If we run each 10000000 times each case, the times are the following:

for i in range(8):
    repeat(match_case, str(i))

# Input: 0 Time: 2.458001136779785
# Input: 1 Time: 2.36093807220459
# Input: 2 Time: 2.6832823753356934
# Input: 3 Time: 2.9995620250701904
# Input: 4 Time: 3.5054492950439453
# Input: 5 Time: 3.815168857574463
# Input: 6 Time: 4.164452791213989
# Input: 7 Time: 4.857251167297363

Just wondering why the access times are different. Isn't this optimised with perhaps a lookup table?. Note that I'm not interested in other ways of having equals access times (i.e. with dictionaries).

Cornelia answered 21/7, 2021 at 21:19 Comment(4)
@Jab It's Python 3.10.Alewife
Your expectation is wrong. This isn't a switch case on primitive data types. It's for pattern matching.

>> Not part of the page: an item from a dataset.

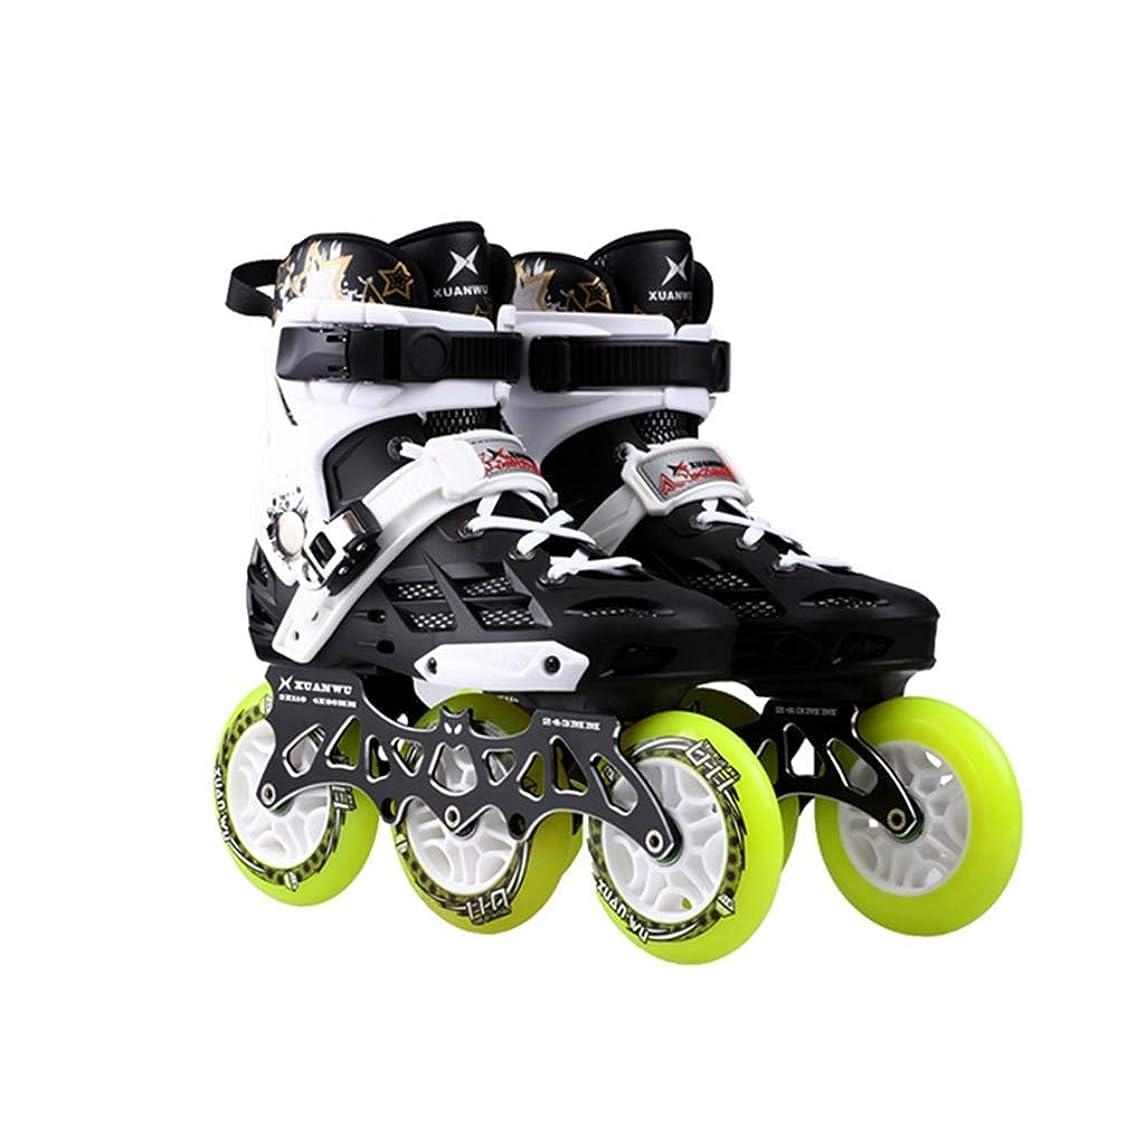 ジョージバーナードダンスクアッガTKW インラインスケート、 3輪110MMホイール アダルトシングルロースケート フルフラッシュ ローラースケート 白 インラインスケート (Color : B, Size : 40 EU/7.5 US/6.5 UK/25cm JP)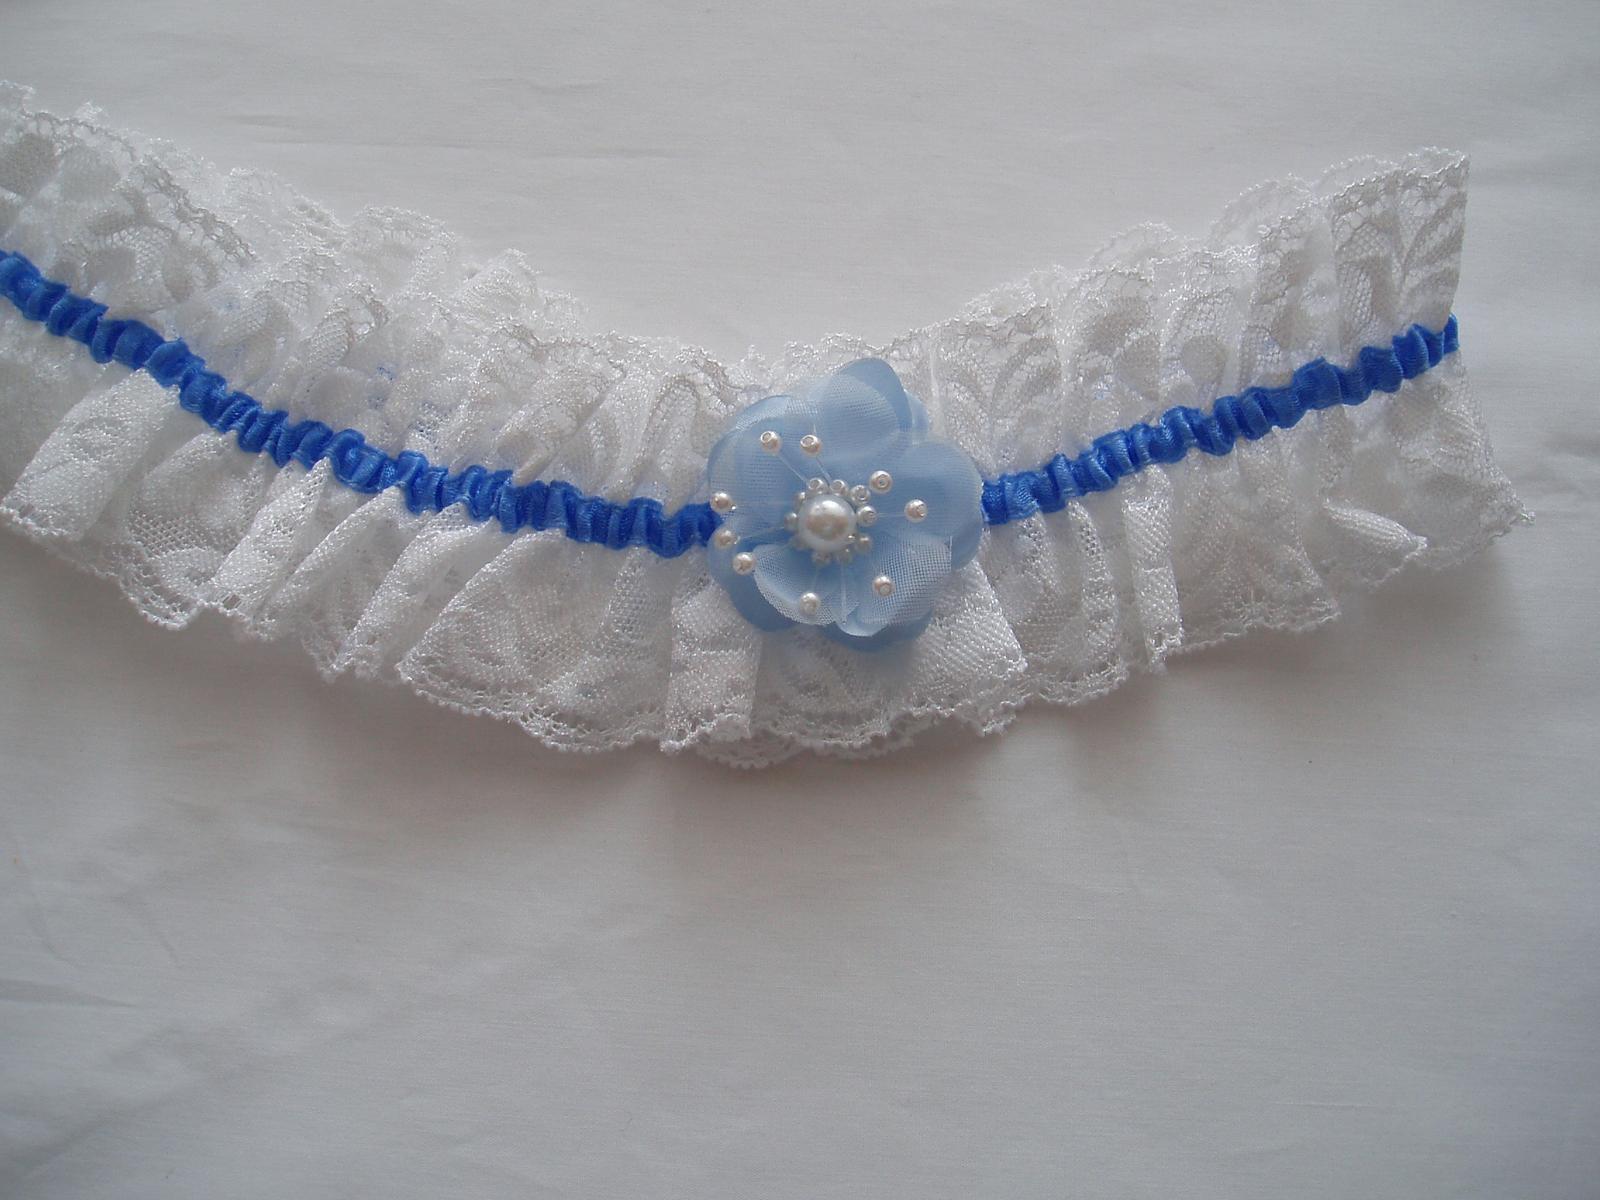 podvazek-modrý kvítek - Obrázek č. 1

It is *not a switchTaxonomy
There is room for optimization (with all literal patterns, I suspect a lookup table could be built), but at this time it does not appear to be optimized.Kuhn
Optimization of this using hash/indexing would require that the compiler know in advance the data types of every case value (i.e would only work with constants). That would be a very narrow special case. I doubt that it would warrant the extra effort given that the objective is pattern matching, not statement dispatch.Bresee
A
8

The match/case statement introduced in PEP 622 offers a more elegant and readable approach to pattern matching compared to traditional if-elif-else chains. Its primary advantage lies in its ability to streamline complex conditional logic.

Traditional approach

def is_tuple(node):
    if isinstance(node, Node) and node.children == [LParen(), RParen()]:
        return True
    return (isinstance(node, Node)
            and len(node.children) == 3
            and isinstance(node.children[0], Leaf)
            and isinstance(node.children[1], Node)
            and isinstance(node.children[2], Leaf)
            and node.children[0].value == "("
            and node.children[2].value == ")")

Using match/case

def is_tuple(node: Node) -> bool:
    match node:
        case Node(children=[LParen(), RParen()]):
            return True
        case Node(children=[Leaf(value="("), Node(), Leaf(value=")")]):
            return True
        case _:
            return False

While it may be equivalent to a dict lookup in the most primitive cases, in general it is not so. Case patterns are designed to look like normal python code but actually they conceal isinstance and len calls and don't execute what you'd expect to be executed when you see code like Node().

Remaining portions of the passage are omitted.